Une réponse politique peu convainquante
Réagissant aux attaques, le président américain Donald Trump a évoqué un «acte de lâcheté» justifié par un «problème de maladie mentale très grave», sans remettre en question les doctrines xénophobes et suprémacistes affichées de l’auteur. Le New York Times a relayé son appel lancé, lundi matin, aux républicains et aux démocrates pour «travailler ensemble à renforcer la vérification des antécédents des acheteurs d’armes à feu et pour adopter de nouvelles lois en matière d’immigration».
Mais les démocrates pointent du doigt Trump et affirment que c'est lui qui «a encouragé l’extrémisme à travers son discours haineux». «Le président Trump a beaucoup à voir avec ce qui s’est passé à El Paso», a déclaré Beto O’Rourke, candidat aux primaires démocrates et représentant d’El Paso au Congrès.
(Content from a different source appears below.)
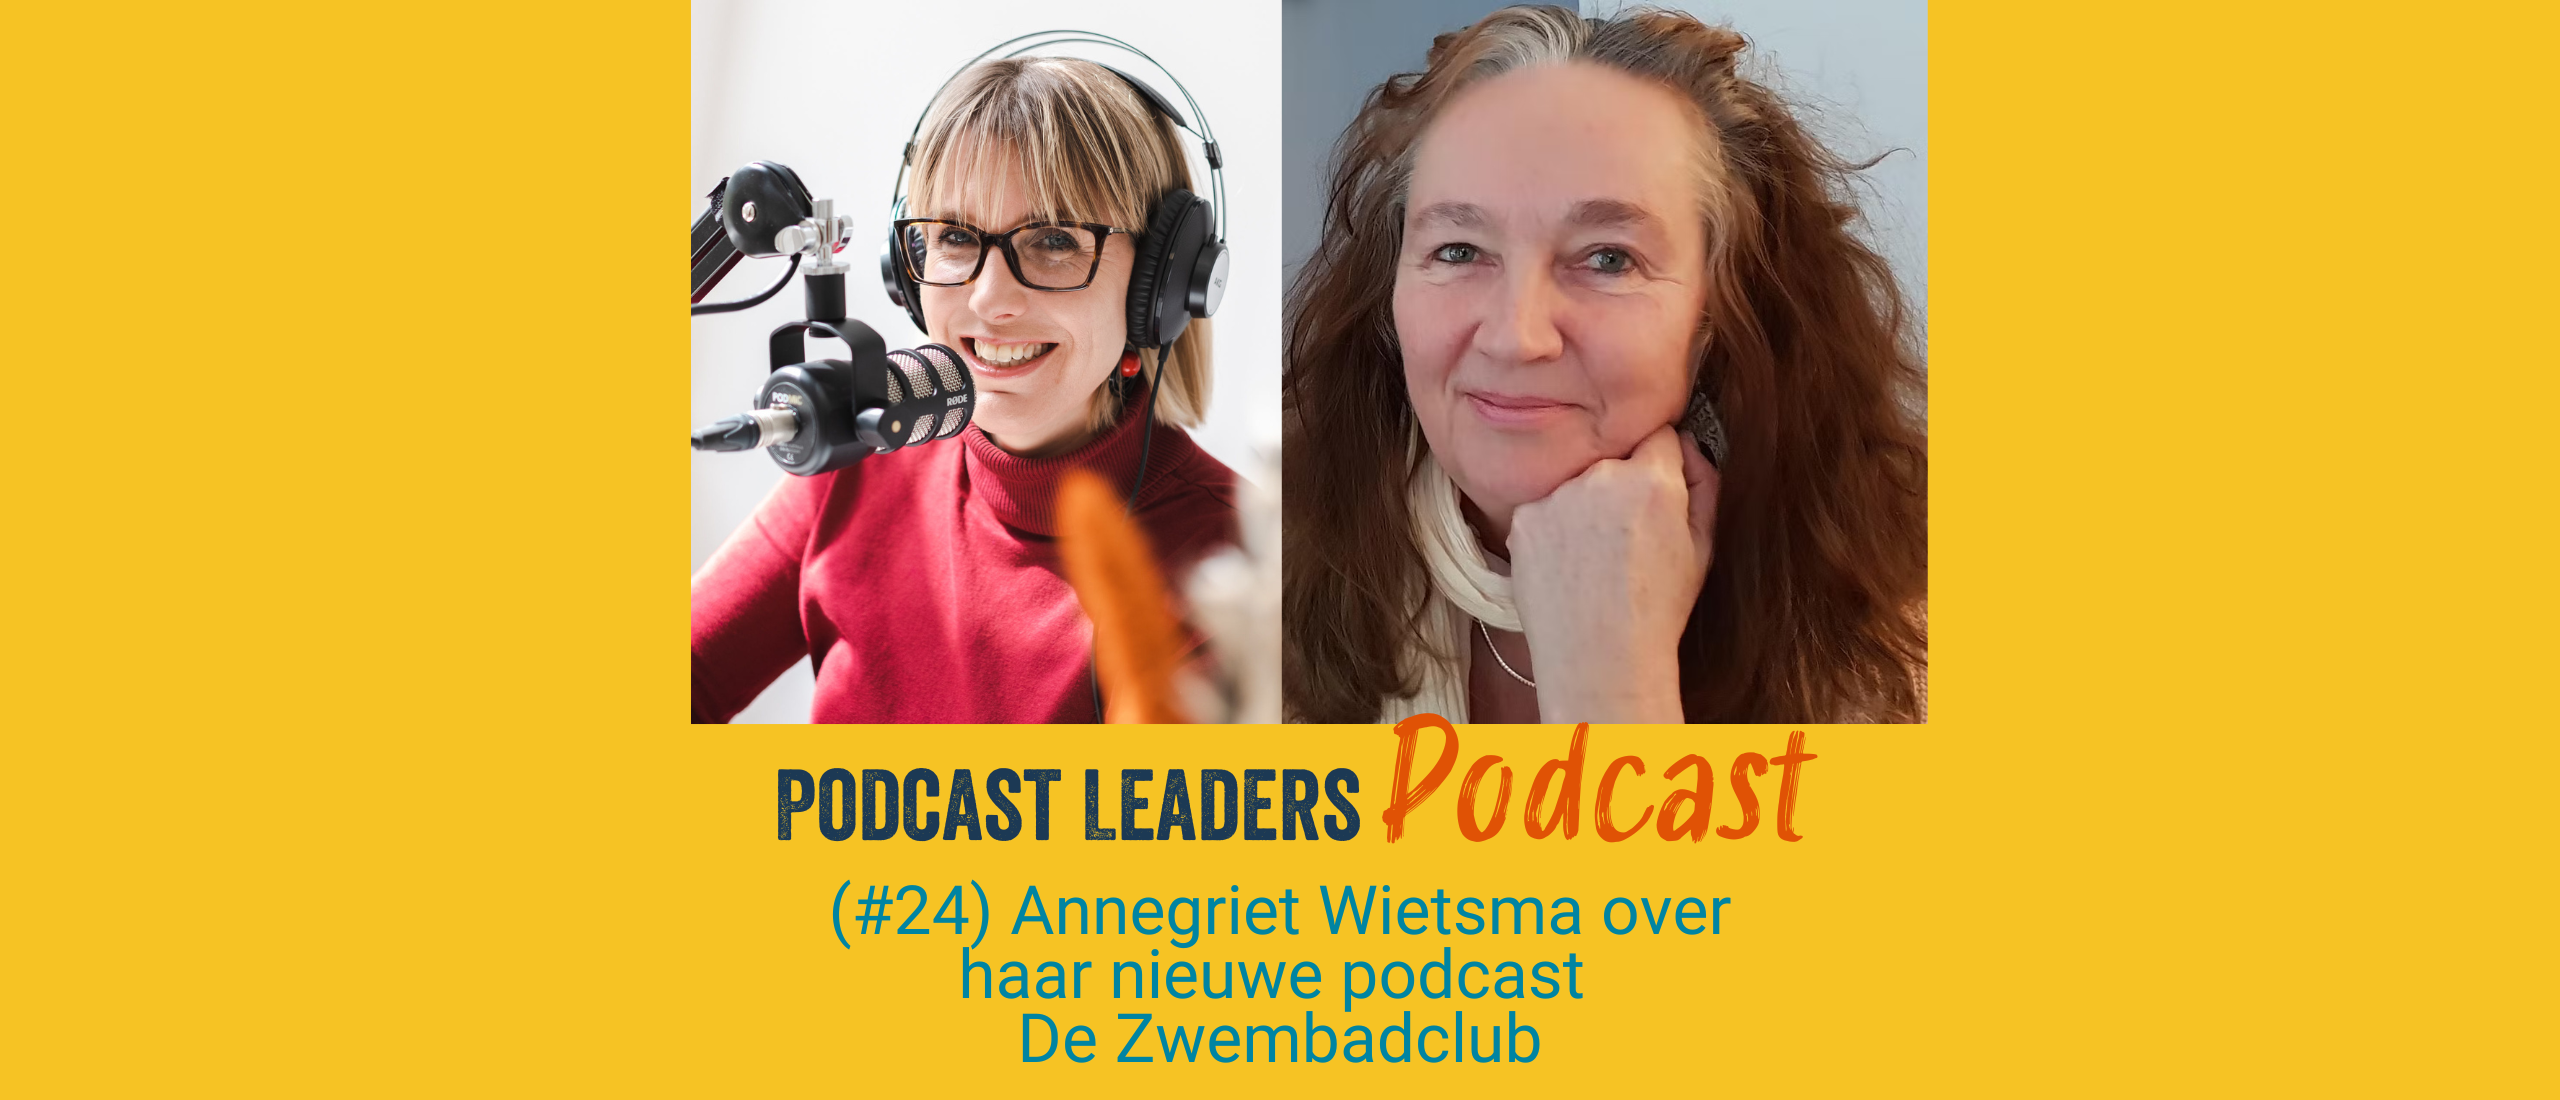 Achter de podcastschermen van Annegriet Wietsma

Quelques heures après la fusillade, l’ancien vice-président des Etats-Unis, Joe Biden, également candidat démocrate, a accusé Donald Trump d’attiser un discours de haine qui peut donner l’idée aux suprémacistes de passer à l’acte. «Ces actes ne viennent pas de la folie mais d'une haine absolue. Nous devons reconnaître cette haine et la combattre», a-t-il déclaré lors d’un meeting, affirmant que «lorsque la haine trouve un port d’attache au Bureau ovale, cela donne le champ libre à l’extrémisme à travers tout le pays».
Les députés démocrates ne sont pas les seuls à être de cet avis. Nathan P. Kalmoe, professeur assistant à l’Université d’Etat de Louisiana, estime en effet auprès du New York Times que «les hauts responsables politiques et les représentants des médias partisans encouragent l’extrémisme lorsqu’ils soutiennent les idées suprémacistes et jouent avec un vocabulaire violent». «Le fait que la personne la plus puissante de la Terre fasse écho à leurs vues haineuses peut même donner aux extrémistes un sentiment d'impunité», souligne-t-il.